Life was really different then. Through a mix of stubbornness and hardwork, my husband and I bought a little “fixer-upper” house on three acres in a tiny town in Texas. The house was way more than we could handle, as we’d find out, but livable, so we scraped along. We had our little goat herd, and a couple ponies, and a variety of poultry. Our dog pack was big, filled with all manner of dogs, all of them as dearly loved as pets can be. Especially the oldest two, who had been with Steven and I since before we were married, and were at our sides through some of the most difficult times we experienced.
At the time the only work I had was what freelance work I could pick up on the Internet. I built websites, wrote code, painted models – whatever I could do to pay for my animal’s feed. I have always been very good at making ends meet and finding solutions where there don’t appear to be any. So we lived well enough honestly, even if our home was not very attractive. I spent a great deal of time on the Internet, just as I do now, but my actual life outside of the computer was very different.

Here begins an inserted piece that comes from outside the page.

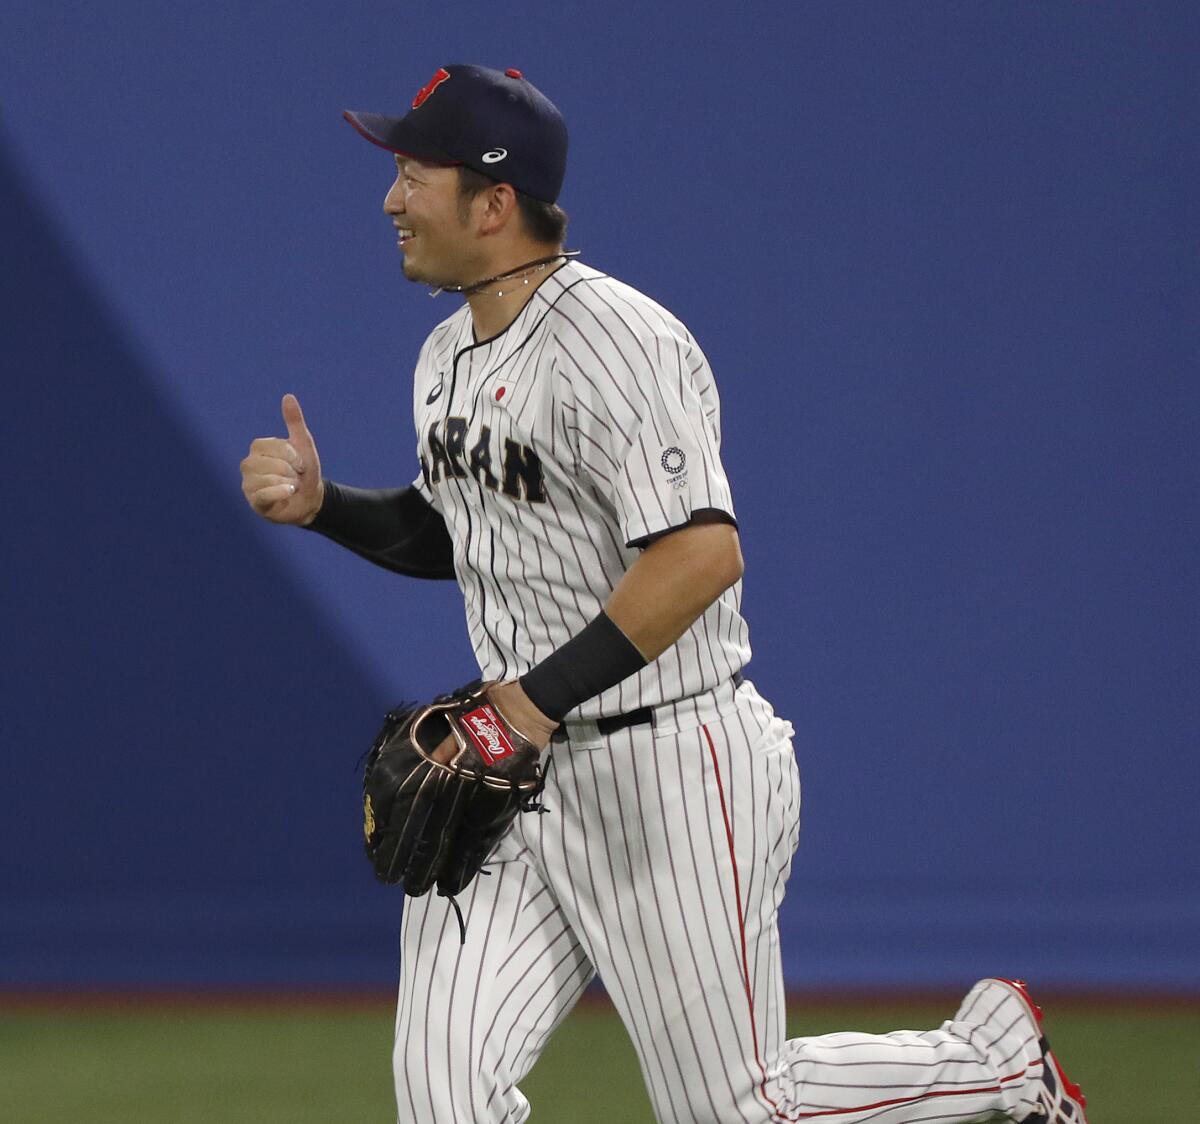 Japan outfielder Seiya Suzuki gives a thumbs up while running on the field

I unfortunately live with a number of health problems that affect my everyday life. For a long time I would ignore issues until they began a major incident, only to repeat the cycle. Depression is a hard horse to ride, and I was no different nor stronger than many like me, who give in and let it run their life. I had no “spark” then. I just lived through each day, only getting up because the animals needed me. I’d sit in my chair and brood over wrong doings from the past, and online I was more confrontational and aggressive in debates. I would blow up at my dear husband for ridiculous reasons, leading to fights that left us both heartbroken and angry. My physical health suffered terribly as well, both from the stress and from preexisting conditions, and I let some of those build up so badly that they can never really be repaired. I just lived with it. There were days the pain from something or other was so bad I would pace back and forth, wishing for death.

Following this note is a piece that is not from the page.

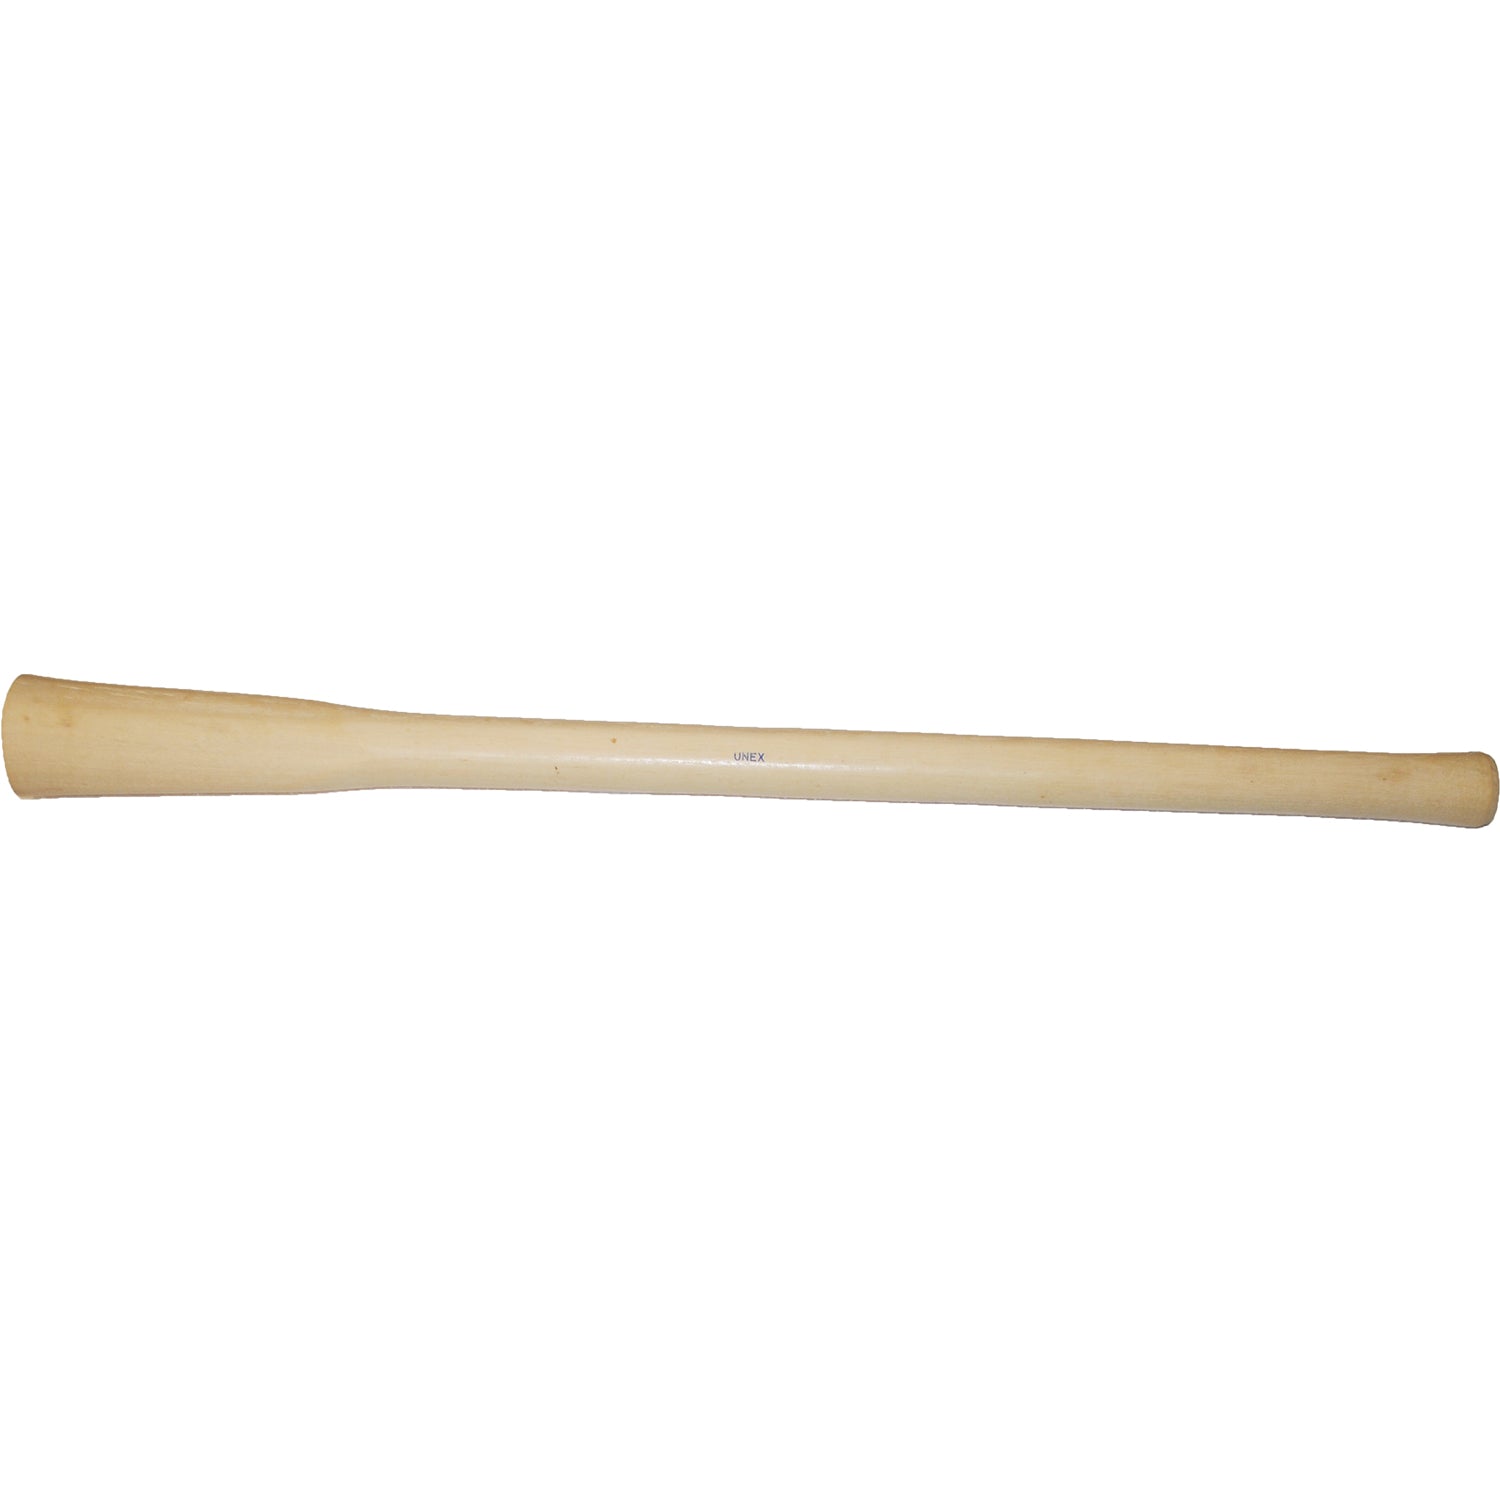 American Hickory Pick Handles 36" Hand Tools - Cleanflow

I am a stubborn creature, even now I think. So we continued to live. When I met Honey Doe Farm, I remember wishing that I could make a living out of the goats. For now they paid a little bit of their keep with kids, but for the most part they were a money pit I worked hours online to pay for. When the farm owners invited me to come help butcher turkeys, I was delighted. I knew how bad I had become – I knew my life as it was was unhealthy and destructive. A part of me desperately wanted to find a better balance, and new friends that offered work that could help ease some of the burden was a great start. From there I started working more and more with HDF, selling goats for them, coming out to help with chores, and our relationship began to really grow. As I watched the dairy being built, I couldn’t help but try to casually mention a couple times that I “knew someone who would love to work here.”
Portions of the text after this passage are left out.